Caution about Spin Polarization

It is possible to compute the PDoS with spin polarization in the cubic scaling mode, one just needs to make a small modification to how the weights are used.

[45]:

inp = Inputfile()
inp.set_hgrid(0.4)
inp.set_xc("PBE")
inp.spin_polarize()
inp.calculate_pdos()
inp["import"] = "mixing"  # for robustness

[46]:

log = code.run(sys=sys, input=inp, name="pdos-C_spin")

Mainly, you need to split the weights into up and down.

[47]:

proj_list = cubic_projection_info(log)
weights = cubic_projection_weights(log, proj_list)
weights_up = weights[:int(len(weights) / 2)]
weights_down = weights[int(len(weights) / 2):]

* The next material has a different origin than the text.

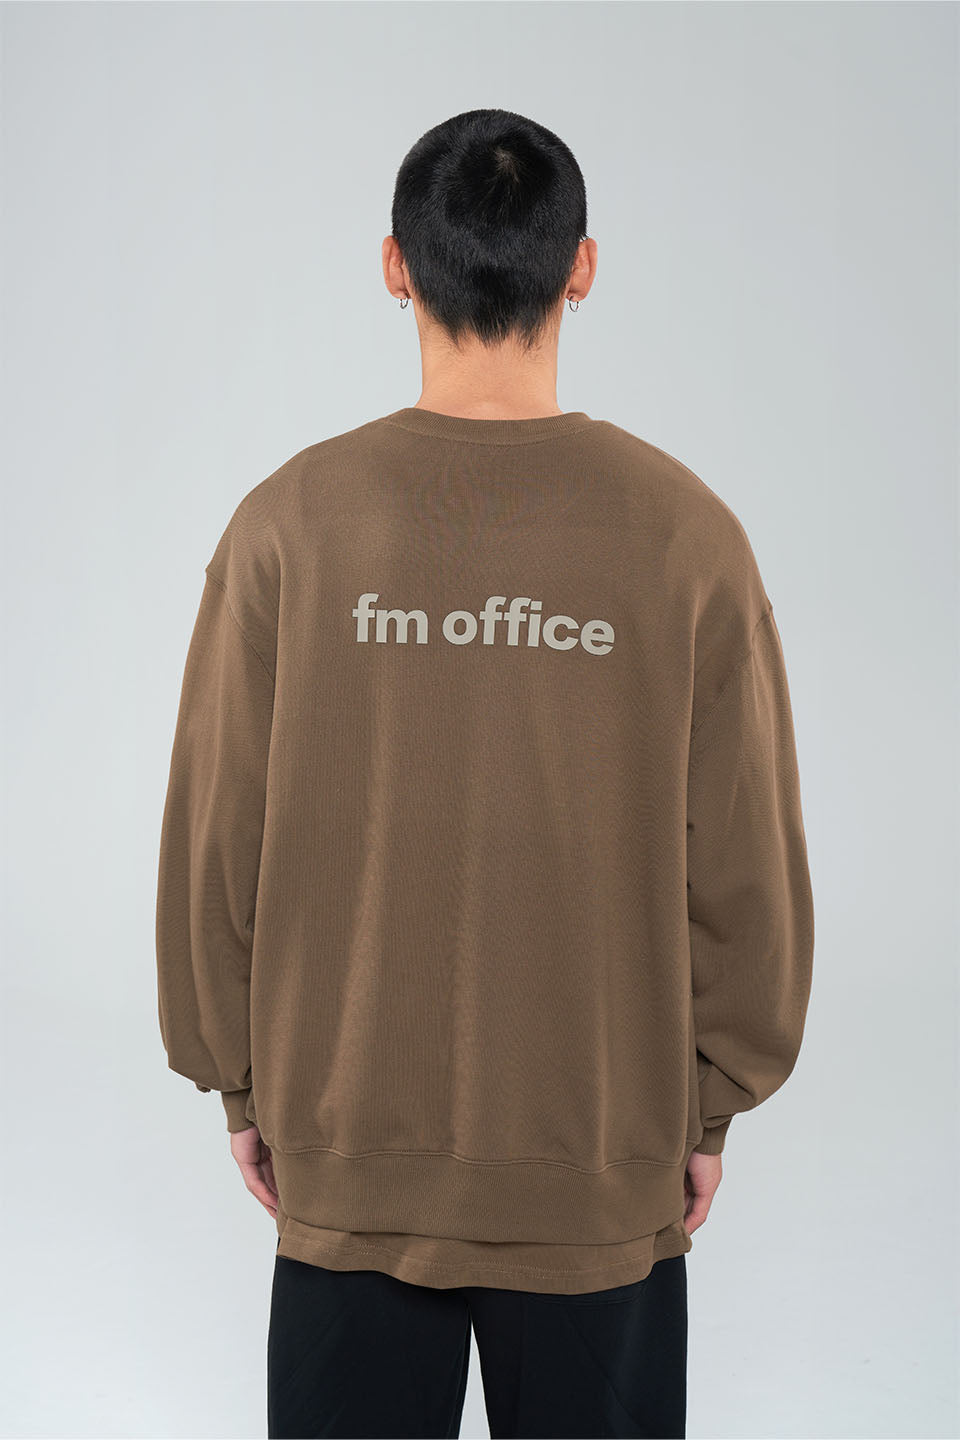 FM Office Logo Round Neck sweater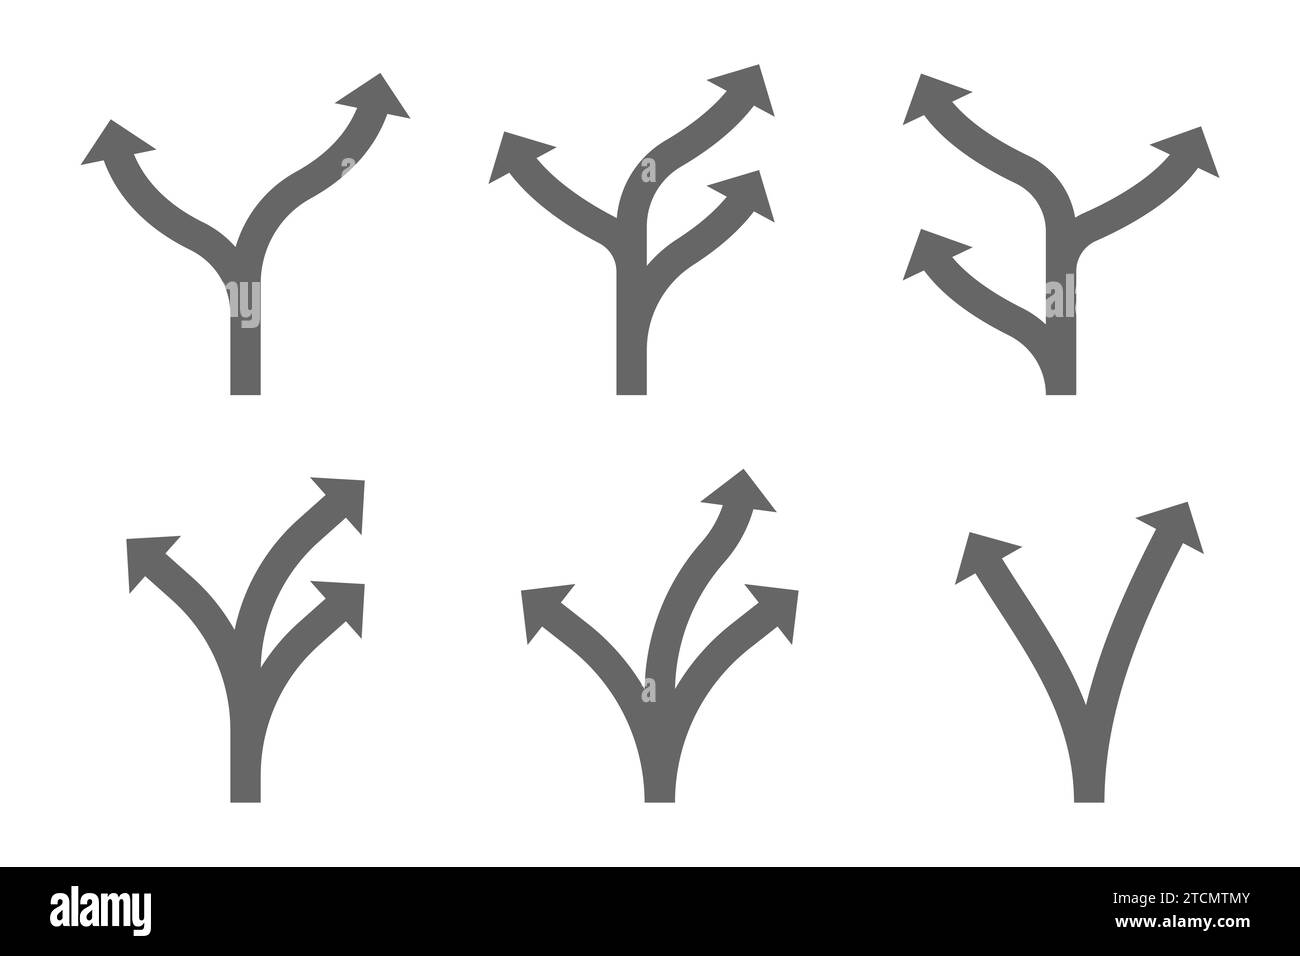 Indicazione freccia direzione direzione. Set di icone freccia Illustrazione Vettoriale

Then plotting can go as usual.

[48]:

dos_up = DoS(energies=log.evals[0][0], units='AU', label="Total")
dos_down = DoS(energies=log.evals[0][1], units='AU', label="Total")

[49]:

dos_up.append(energies=array([log.evals[0][1]]), units='AU',
              norm=[[x['C']['s'] for x in weights_up]], label="Cs")
dos_down.append(energies=array([log.evals[0][1]]), units='AU',
                norm=[[x['C']['s'] for x in weights_down]], label="Cs")

[50]:

p = figure()
for i, k in enumerate(dos_up.labels):
    color = Category10[10][i % 10]
    p.line(dos_up.get_curves()[k].x, -1 * dos_up.get_curves()[k].y, line_color=color, legend_label=k)
    p.line(dos_down.get_curves()[k].x, dos_down.get_curves()[k].y, line_color=color)
show(label_fig(p))

However, in the O(N) mode there are a few minor changes that need to be done to BigDFT to enable this, so this is still TBD.